In an overly materialistic world, we have come to associate the quality of education and knowledge with the materials that a learning environment is built with. We seem incapable of detaching knowledge from brick and mortar. A school has become a social construct, a physical structure that has to be built with the most expensive materials. Our expectation of a school is not what is taught there but rather the physical built quality of the building and the comfort of the environment.
About a decade ago, I came across the story of Sugata Mitra and his ‘hole in the wall’ project. His story is fascinating. It is a story of our capacity to self-organize and learn even from a very young age. A software engineer by profession, Mr Mitra wanted to make education accessible to the underprivileged. In this youtube video, he explains how he started thinking that the victorian English education system that the rest of the world adopted in the 20th century standardised education and how he thought that limited human creativity. After the initial experiments, he came up with concepts like Self organized learning environments or SOLEs and the Granny Cloud. These concepts and the school in the cloud turn our conventional ideas about schools on their head.
The late Sir Robinson is another educator who had strong opinions against the systems of schooling we see today. He called for a new paradigm in education and introduced such terms as ‘education’s death valley’ and described schools as places that kill creativity in children. He was perhaps the best TED speaker ever. Here is one of his TED talks where he talks about customizing and personalizing the way we help children in schools.
I recently read the autobiography of Amartya Sen, the Nobel-winning economist and global thinker who recollected details of his childhood and school days in his most recent book ‘Home in the world’. Professor Sen attended the Shantiniketan, but not during the life of Rabindranath Tagore. The description of Shantiniketan and the learning environment during Professor Sen’s time there and before that opens a window into how education was viewed back in those days. It reminded me of the importance of helping each child reach their full potential in life instead of standardising education. Some brave thinkers have tried to demonstrate this through stories and this is a story I came across many years ago and shared on my blog.
Another important lesson I learned from Professor Sen’s book is the myth of colourful academic achievement during childhood equating to success later in life. When Professor Sen won the Nobel Prize for economics in 1998, the principal of his old primary school in Dhaka wanted to honour him during his next visit to Bangladesh and when the principal dug through the old records for Professor Sen’s academic results in primary school, he was surprised to find that those results were very ordinary. He was not a straight-A student. Schools should teach kids how to think rather than what to think. They should be taught life skills, social skills and self-awareness more than anything else.
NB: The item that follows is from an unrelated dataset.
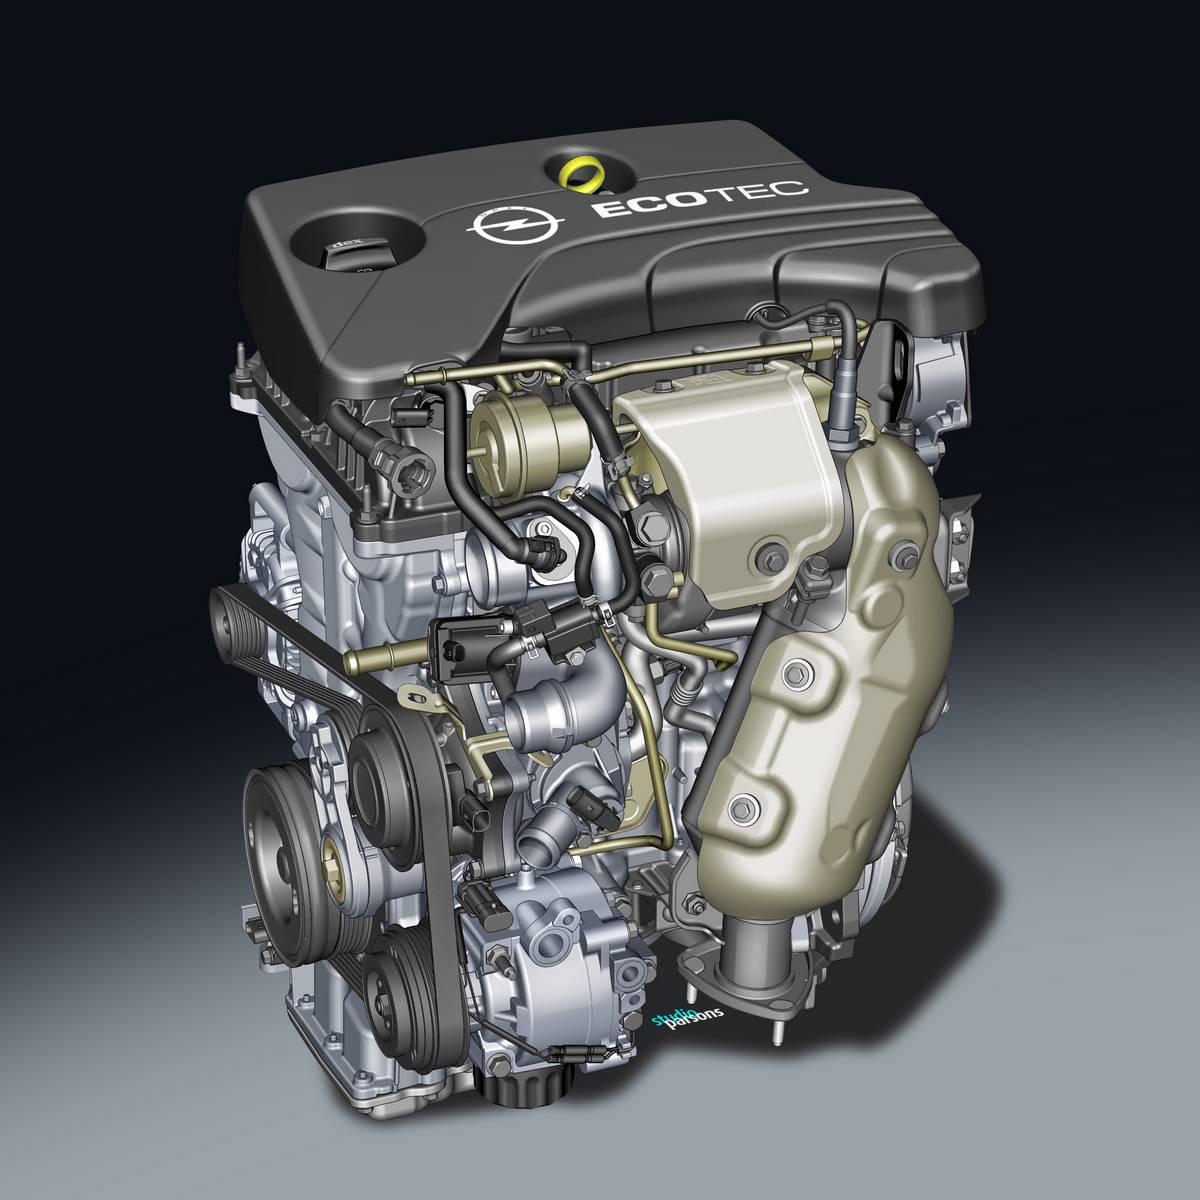 Motor 1.0 de três cilindros Opel que equipará Peugeot e Citroen no Brasil

For a long time, I have had very different opinions on how our education system is organized. As far back as 2009, I argued against island school SMTs for trying to exclude certain kids from their schools. The idea of extending boundary walls to keep the so-called ‘street children’ out never appealed to me and it goes against the principles of open community schools that we are supposed to have on the islands. Kids on the street, especially those being lost to delinquency, are the result of the failure of educators who are responsible for that catchment area – the SMT of the very school who are trying to keep these kids out of their premises. Here is the link to a document that was prepared in 2011 about an educational vision for Fuvahmulah as I saw it then.
My formative education was mostly extracurricular. They had very little to do with formal education. I learned from my grandfather’s Achchange, from my uncle and from backyard gardening with my father. At school, my best lessons came not from the books but from the work that our principal Ibrahim Waheed made us do – organizing his library, printing a newspaper and a magazine and acting in plays. I am grateful for my childhood and to all those beautiful people who shaped my childhood that made me who I am.
So what is a school? To me, it is not about schools but more about schooling as a concept. Schooling as helping children grow in their capacity to be independent thinkers capable of looking after themselves and those around them. Schooling is about enhancing their capacity to make meaning of themselves and the world they live in. Schooling should not be associated with a glorified building. Schooling can happen anywhere. Discipline and life skills can be taught anywhere in the neighbourhood – be it inside a tin shack, a mud hut, an odi haruge (boat hangar) or on the beach on small islands. What is important is not where our children are educated but rather with what knowledge and competencies.